Book Synopsis The Pale King by : David Foster Wallace
Download or read book The Pale King written by David Foster Wallace and published by Little, Brown. This book was released on 2011-04-15 with total page 636 pages. Available in PDF, EPUB and Kindle. Book excerpt: The "breathtakingly brilliant" novel by the author of Infinite Jest (New York Times) is a deeply compelling and satisfying story, as hilarious and fearless and original as anything Wallace ever wrote. The agents at the IRS Regional Examination Center in Peoria, Illinois, appear ordinary enough to newly arrived trainee David Foster Wallace.

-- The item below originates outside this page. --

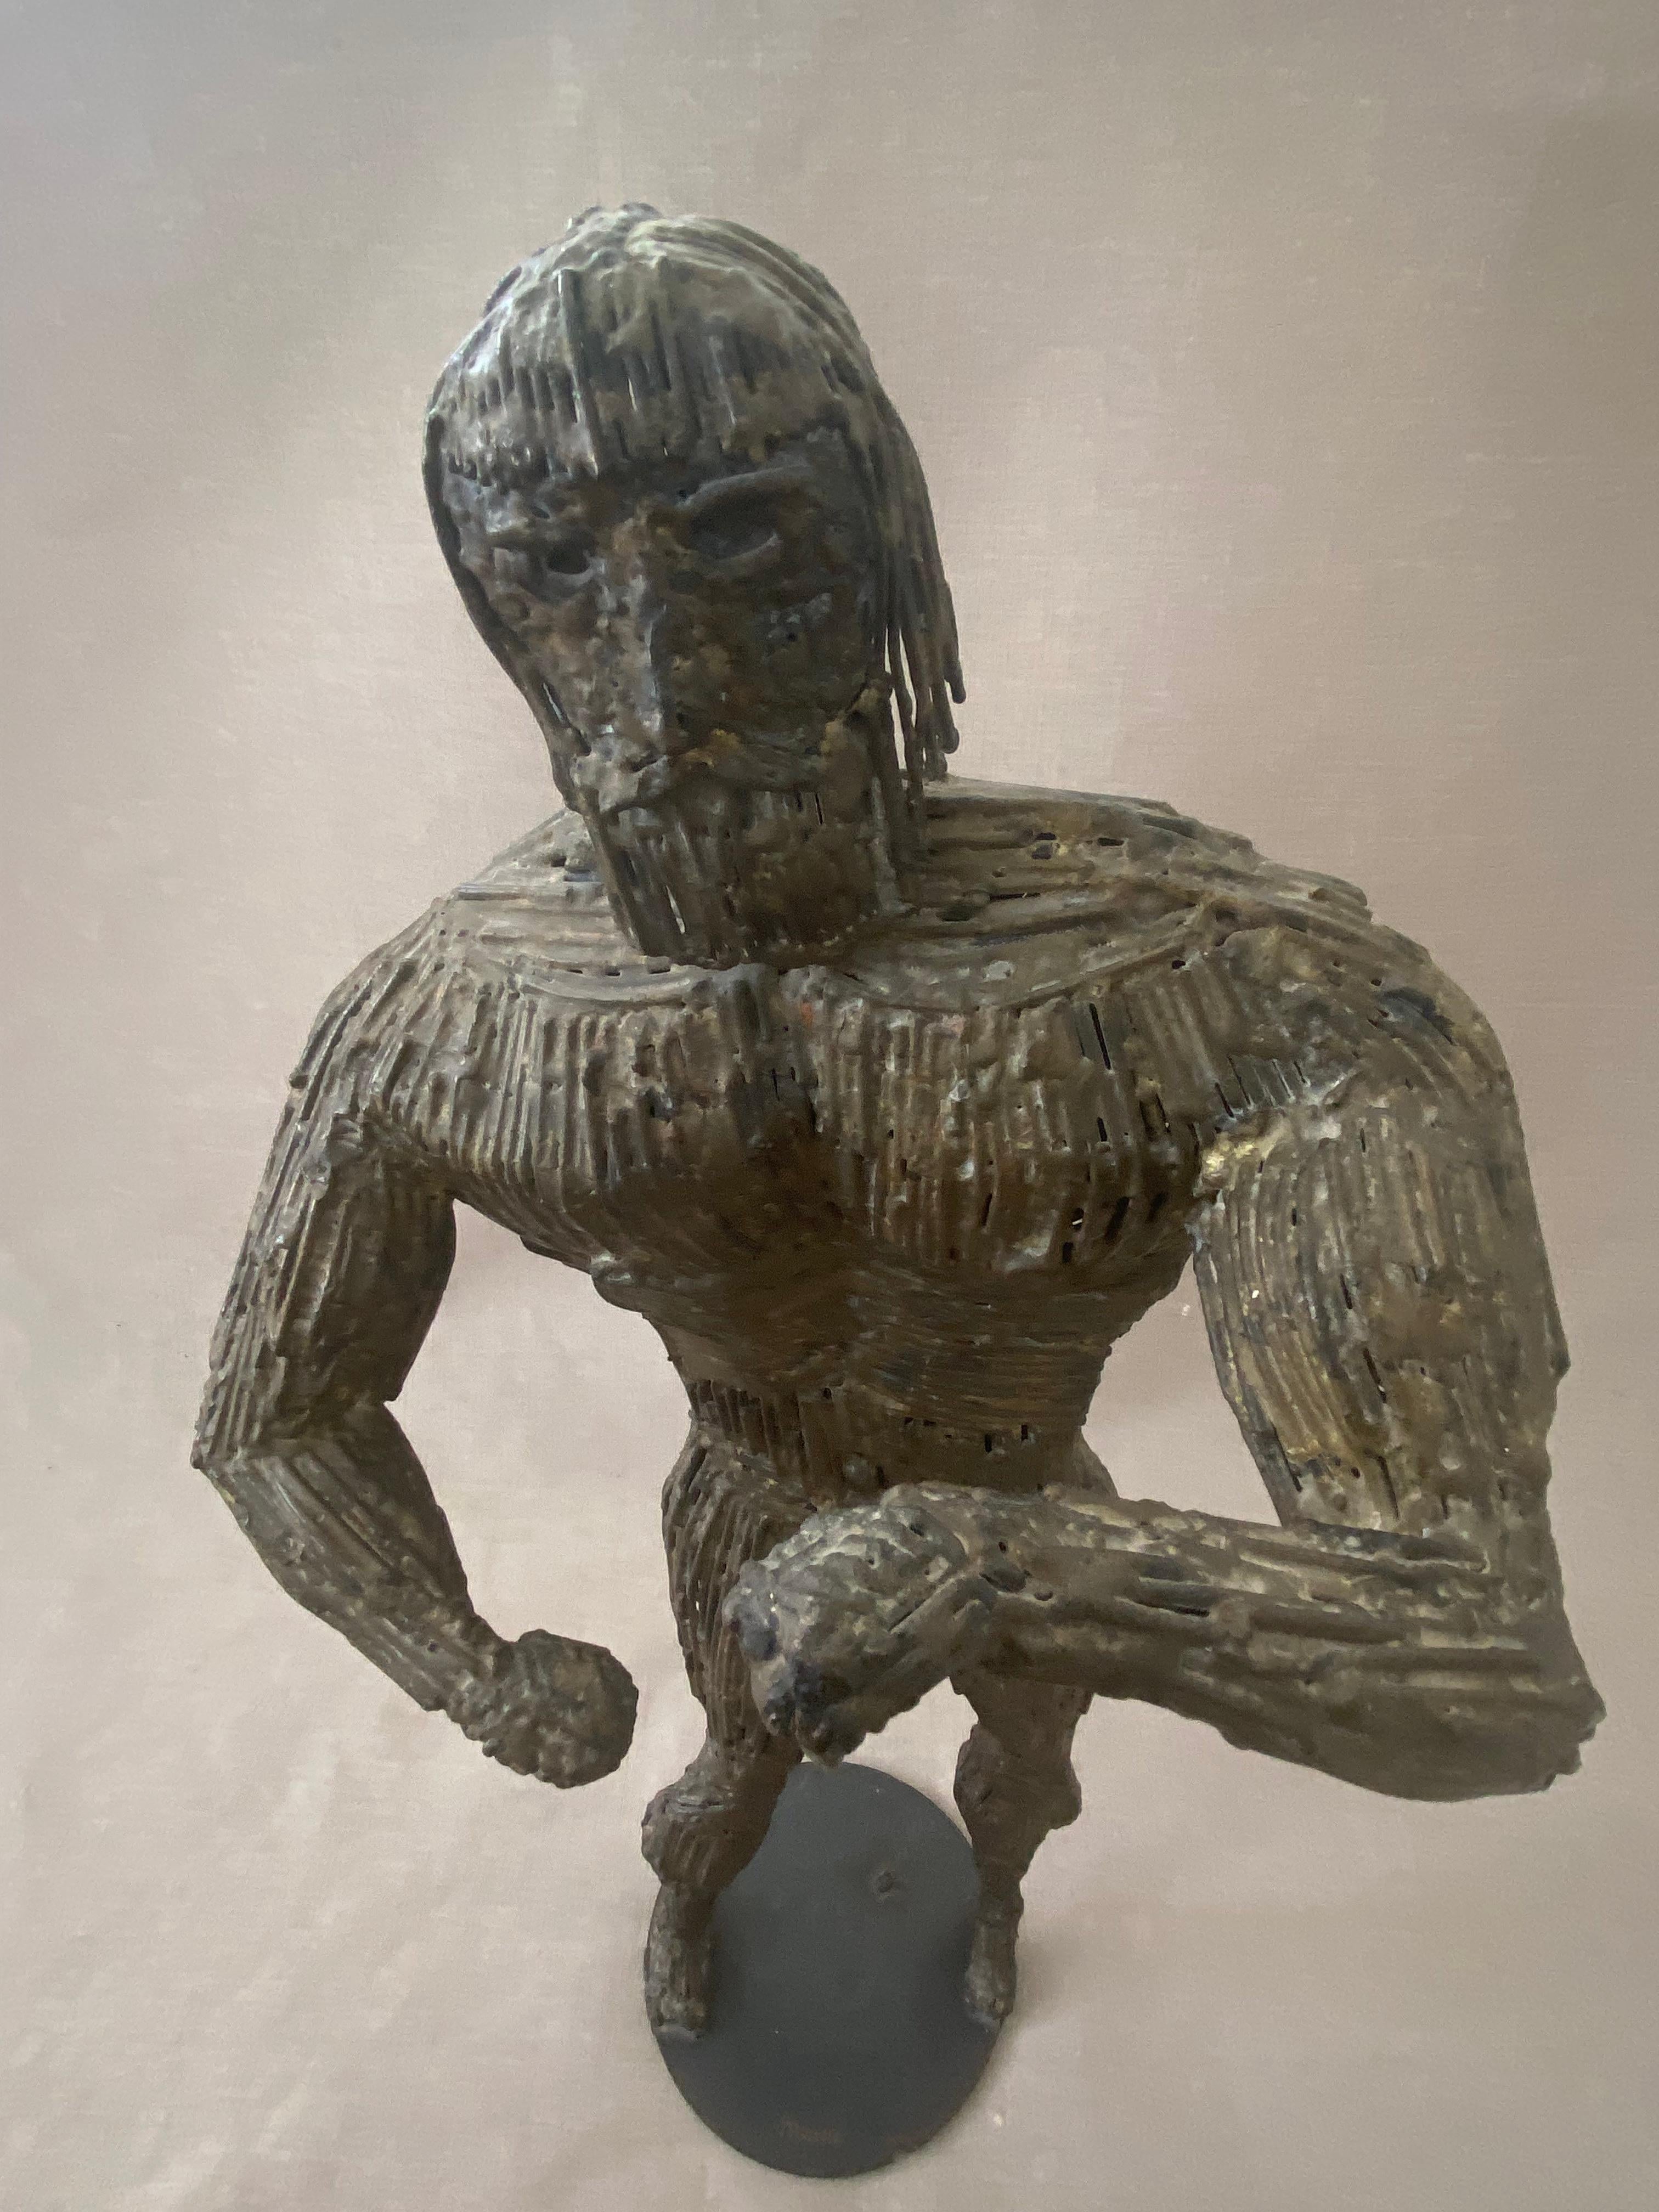 Brutalistische Skulptur des Herkules von Liza Monk - WPA-Künstlerin aus Los Angeles.
Schwere und geschweißte Metallteile/Nägel.

But as he immerses himself in a routine so tedious and repetitive that new employees receive boredom-survival training, he learns of the extraordinary variety of personalities drawn to this strange calling. And he has arrived at a moment when forces within the IRS are plotting to eliminate even what little humanity and dignity the work still has. The Pale King remained unfinished at the time of David Foster Wallace's death, but it is a deeply compelling and satisfying novel, hilarious and fearless and as original as anything Wallace ever undertook. It grapples directly with ultimate questions -- questions of life's meaning and of the value of work and society -- through characters imagined with the interior force and generosity that were Wallace's unique gifts. Along the way it suggests a new idea of heroism and commands infinite respect for one of the most daring writers of our time. "The Pale King is by turns funny, shrewd, suspenseful, piercing, smart, terrifying, and rousing." --Laura Miller, Salon
Book Synopsis Modern Mysticism by : Michael Gellert
Download or read book Modern Mysticism written by Michael Gellert and published by Nicolas-Hays, Inc.. This book was released on 1994-01-15 with total page 240 pages. Available in PDF, EPUB and Kindle. Book excerpt: Gellert takes us on a moving journey to explain modern mysticism and the highest religious experience.